Our 3D FCNs is shown in Fig. 2. It contains three convolutional layers followed by rectified linear functions ($$$relu(x)=max(x,0)$$$). Every layer $$$l \in [1,L]$$$ has $$$C_{l}$$$ feature maps. The first layer extracts $$$C_{l}$$$-dimensional features from input images. Then, the second and third layers find a non-linear mapping between the feature representations of source images and the target image feature representations, which are used to reconstruct our target image. The $$$m_{\mathrm{th}}$$$ feature map in the $$$l_{\mathrm{th}}$$$ layer is defined as follows:$$y_{l}^{m}=max(0,\sum_{c=1}^{C_{l-1}}k_{l}^{m,c}*y_{l-1}^{c}+b_{l}^{m})$$where $$$k$$$ denotes a 3-dimensional trainable kernel and $$$b$$$ is a learned bias. The parameters $$$k,b$$$ can be learned by minimizing the error function, which is mean-square-error (MSE) in our model. $$MSE = \frac{1}{H \times W \times D}\sum_{h=1}^{H}\sum_{w=1}^{W}\sum_{d=1}^{D}(y_{h,w,d}-\hat{y\ }_{h,w,d})^{2}$$where $$$H,W,D$$$ indicate the height, weight, and depth of the target image, while $$$y$$$ and $$$\hat{y\ }$$$ are the ground truth and the predicted image, respectively.
To evaluate our method, we compare it qualitatively and quantitatively with three other approaches : modality propagation7, random forests (RF) with 60 trees8, and voxel-wise multilayer perceptron (MLP). Specifically, two metrics are used to evaluate quantitatively: 1). Mean-Square-Error (MSE); 2). Peak Signal-to-noise-Ratio (PSNR).
We used our in-house dataset for FLAIR prediction, which contains 4 healthy volunteers and 20 MS patients, including T1-w, T2-w, T1 spin-echo (T1SE), proton density (PD), and double inversion recovery (DIR) weighted images and the corresponding FLAIR. Five-fold cross validation is used for evaluating performance. In 5-fold cross validation, the dataset is partitioned into 5 folds. Subsequently 5 iterations of training and validation are performed such that within each iteration one different fold is held-out for validation and remaining four folds are used for training.
Fig. 3 shows the inputs and outputs. As shown with arrows, some regions can be better predicted by our method. The modality propagation method got the worst result, so we do not show it here.
Fig. 4 shows the result on 5-fold cross validation. Our method gets the best result on four folds. Even though RF gets the best performance on fold-4, the error difference is very small.

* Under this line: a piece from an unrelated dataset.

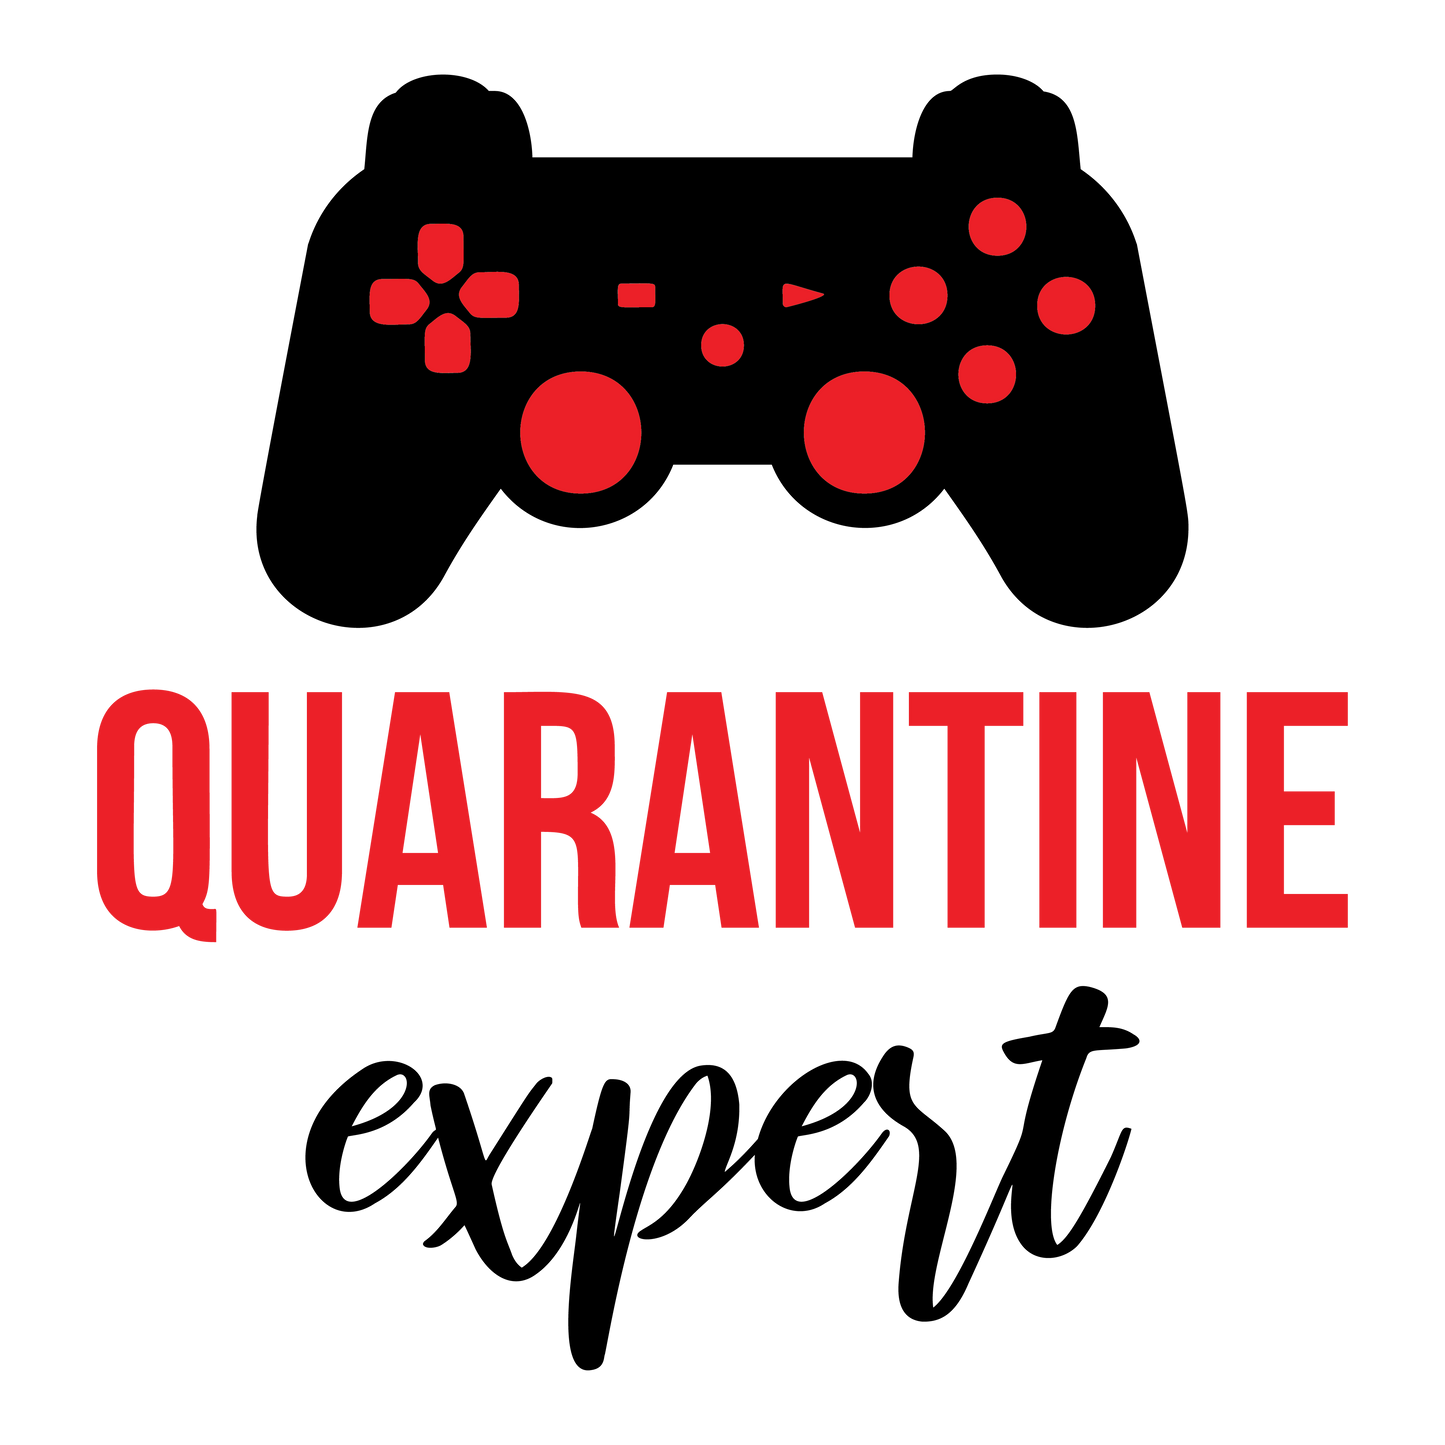 Quarantine Expert

Figure 5 is the evaluation result for MS lesion contrast. MS lesions, normal-appearing WM (NAWM), and the surrounding NAWM are extracted using lesion and WM masks. Then we calculated the mean intensity of these three regions in the predicted images and ground truth. Our method keeps a good contrast between MS lesions and white matter, which is clinically very useful.
We introduced 3D FCNs for FLAIR prediction from multi-sequence MR images. The nonlinear relationship between the source images and FLAIR can be captured by our network. Both the qualitative and quantitative results show its good performance for FLAIR prediction. Moreover, the generated FLAIR has a good contrast for MS lesions so that it can be useful clinically. In the future, it would be interesting to also assess the utility of the method in the context of other WM lesions (e.g. age-related hyperintensities).